Let's look more closely at the list. Even the 18-year-old kid - perhaps especially the kid - believes he has significant life experience. Regardless of how little you value his experience, it's there to work with you or against you. What does he know? Ask him! Even if what he knows isn't useful to you, he needs to have it acknowledged.
Expectations come in many forms. It doesn't matter if his are the same as yours-he has them. Finding out what the learner expects doesn't mean you're going to try to measure up. But it does let you now what you're working with.
Distractions are always going on. Adults are masters at looking like they're paying attention, when the mind is somewhere else entirely. This means that if you're doing all the talking, the trainee is very likely thinking about something else. Part of your training challenge is to keep the learner "engaged." Ask a question. Get his hands busy.
Adults have possibly had bad experiences with education and authority. That transfers directly to any teaching you do that looks too traditional. The trick is to change the learning experience. Asking the learner to guess an answer rather than telling him. Let him discover with his hands how something works.
Adults have a tendency to take errors personally and to avoid risk. If we don't know it already, it's a first-class opportunity to make a mistake. Who wants to be caught doing that?
Adults need to keep their self-esteem intact. Everyone has a strong sense of pride, even those we think don't deserve it. I'm not saying you should tip-toe around, trying to never offend. But if you can help preserve someone's positive sense of self, you're much more likely to teach him something. People shut down when they feel bad, and that means they're not learning anything.Principles Of Adult Learning
I'm not convinced that adults learn all that differently than kids. But I do know that the way we were taught as kids (lecture, theory) doesn't work for most of us. According to experts who study learning, successful adult training must be based on the following ideas:
Hands-on and practical, not theoretical. That means that basic electricity should not start with electron theory. It would be a lot better to start with an ordinary actual device that has a simple circuit.

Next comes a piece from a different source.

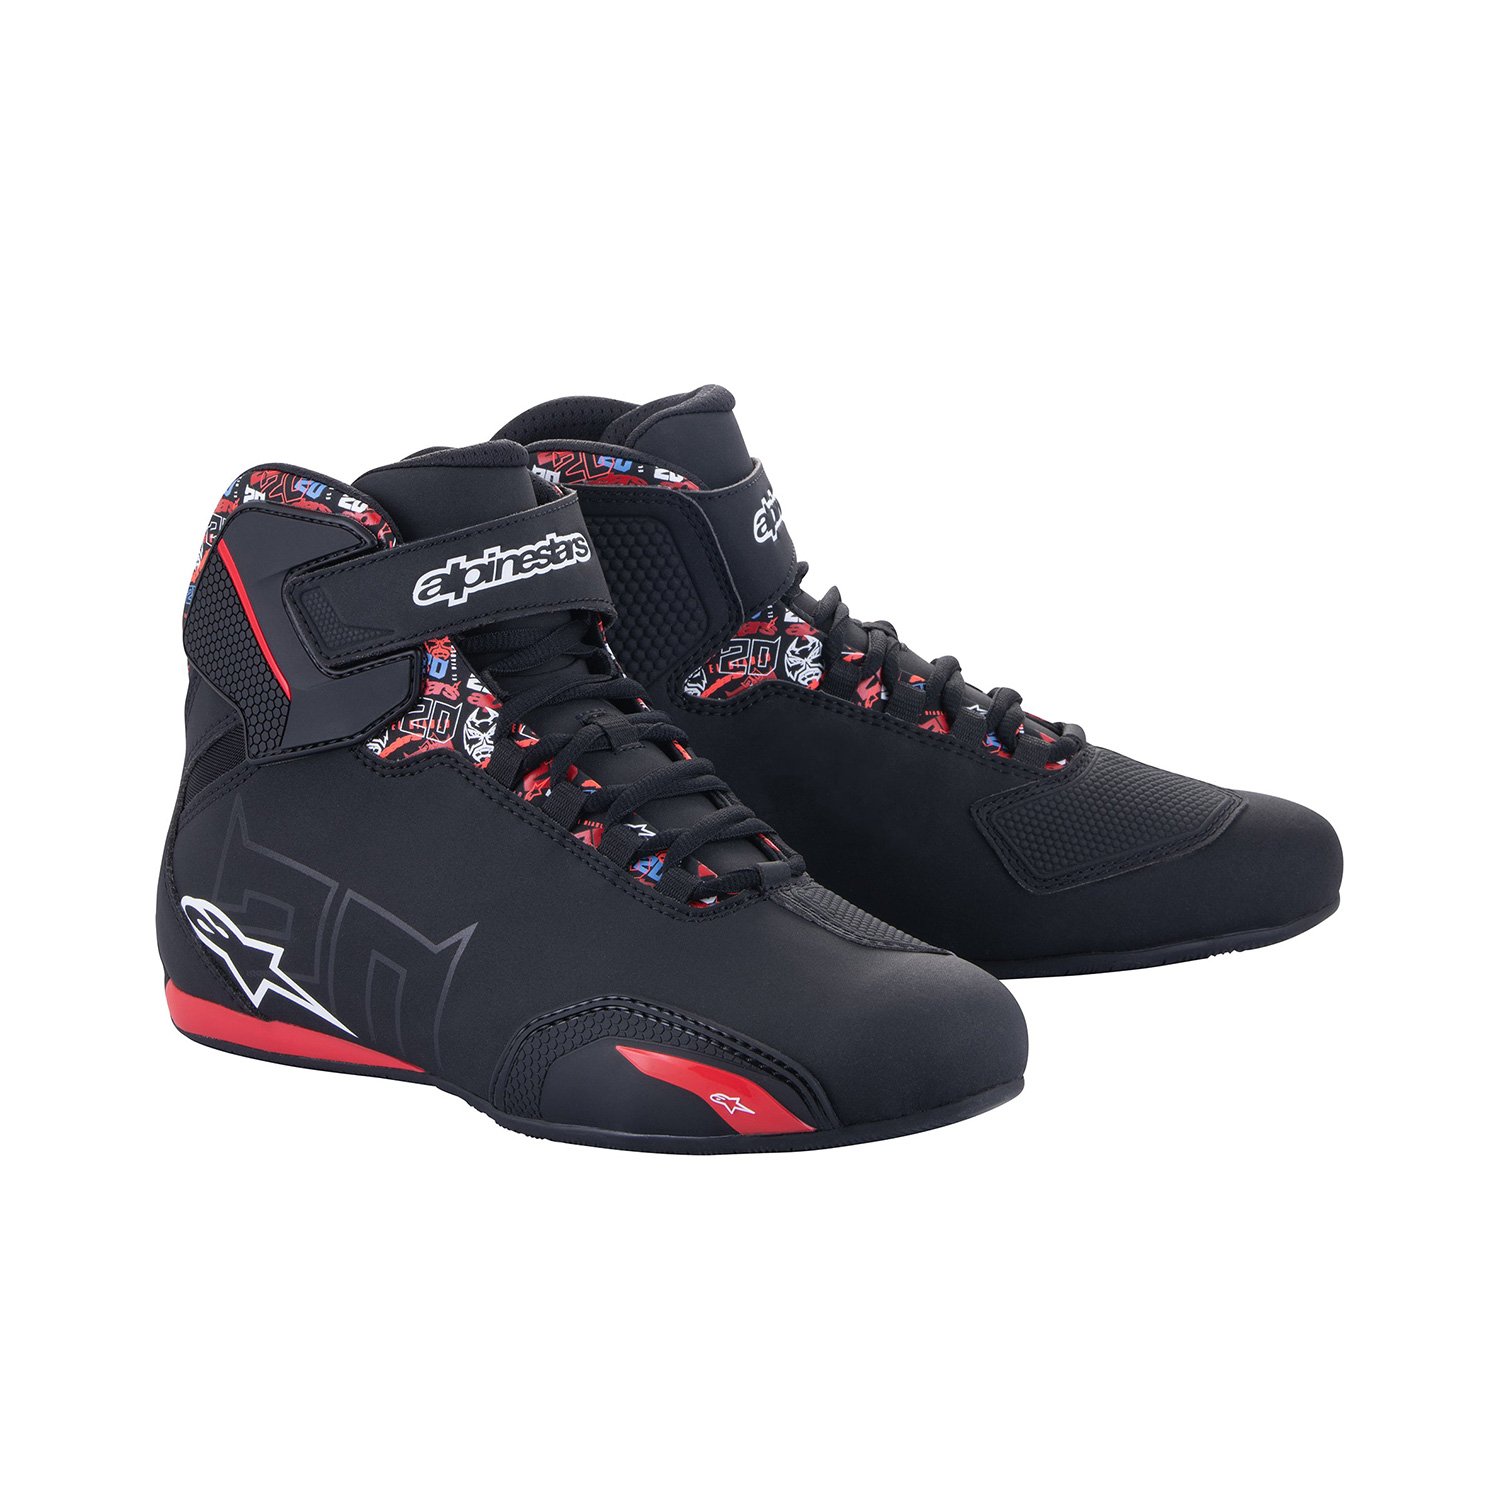 Image of Alpinestars FQ20 Sektor Shoes Black Bright Red Size US 65 EN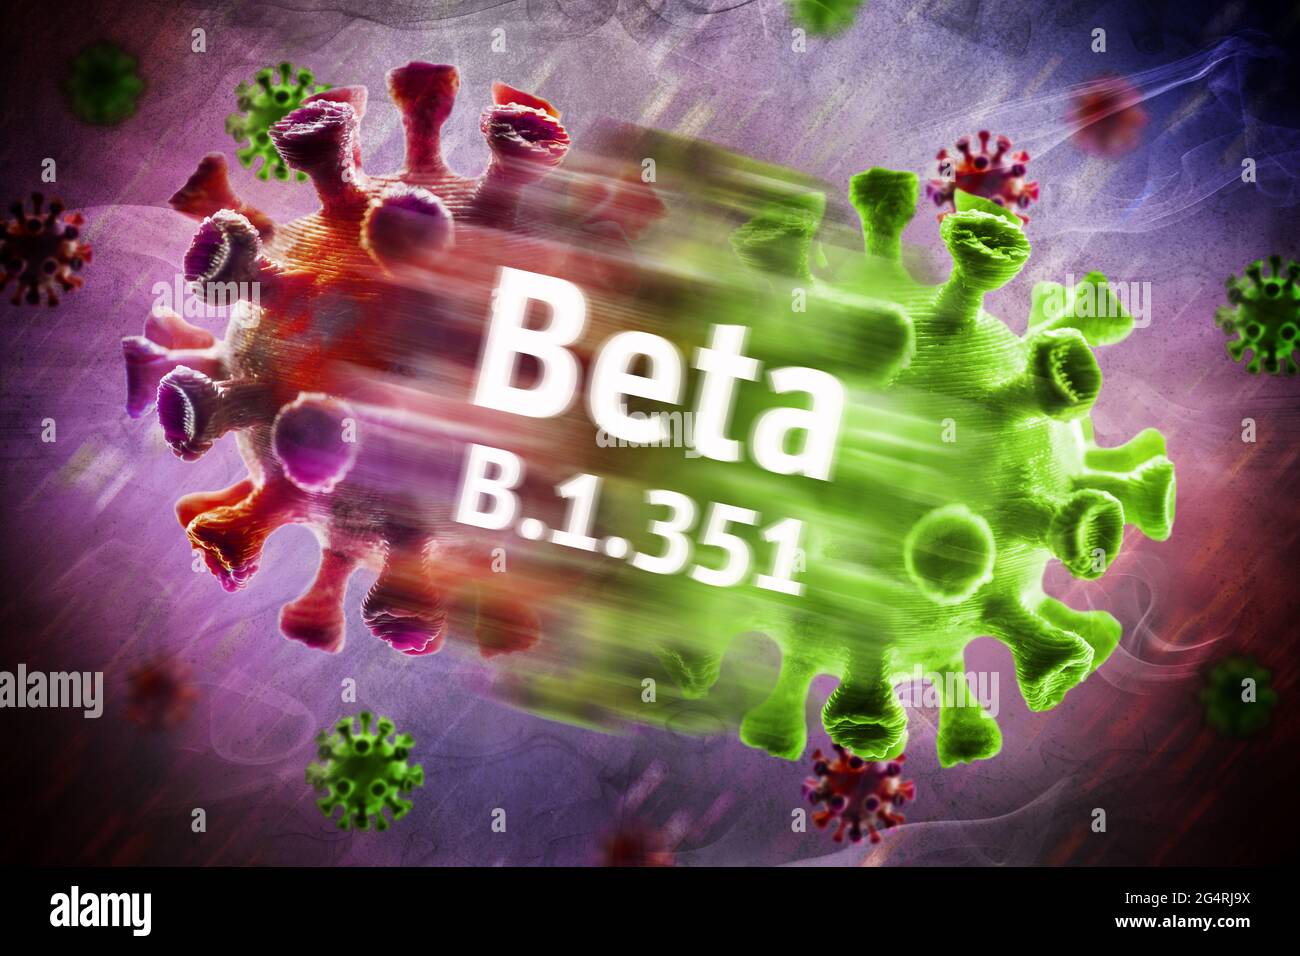 Corona viruses, beta variant B.1.351 Stock Photo

Straight-forward and how-to, relating to immediate need-to-know. Remember when you first learned to use a computer? Did you remember anything that you didn't take home and practice right away?
Tied to what they already know; information in conflict with what they "know" won't be learned. The tech "knows" that there's no purpose for paperwork. It's just a waste of time when he could be getting on to the next call. Until he "knows" that you use it to bill the call and replace inventory, he may never fill it out.
It can take three to seven exposures for a new idea to be learned. Repetitious advertising is a good illustration of the fact that it takes many exposures before an idea sticks. Often the instructor thinks, "I told him once, so now he knows."
Multiple learning media (e.g., hands-on, videos, drawings, play-acting) are preferable. The fact is that telling someone even many times often doesn't work: "I've told and told him, and he's just not getting it." Find ways of teaching that aren't just "telling 'em."
Peers learn well from each other. We often think that the expert is the best teacher, but that's not necessarily true.
Teaching someone else is a good way to learn. It's often said that there's no better way to learn something than to teach it. That's true because when you're teaching, the gaps in your knowledge become very clear. That doesn't mean it's comfortable!
Since teaching someone else is a good way to learn, let the learner also teach it. And while we're at it, you can get started now learning a new way to teach. Spread the word that the old "tell 'em" style isn't the way to teach technicians. Technicians don't need theory and lecture. They need hands-on learning.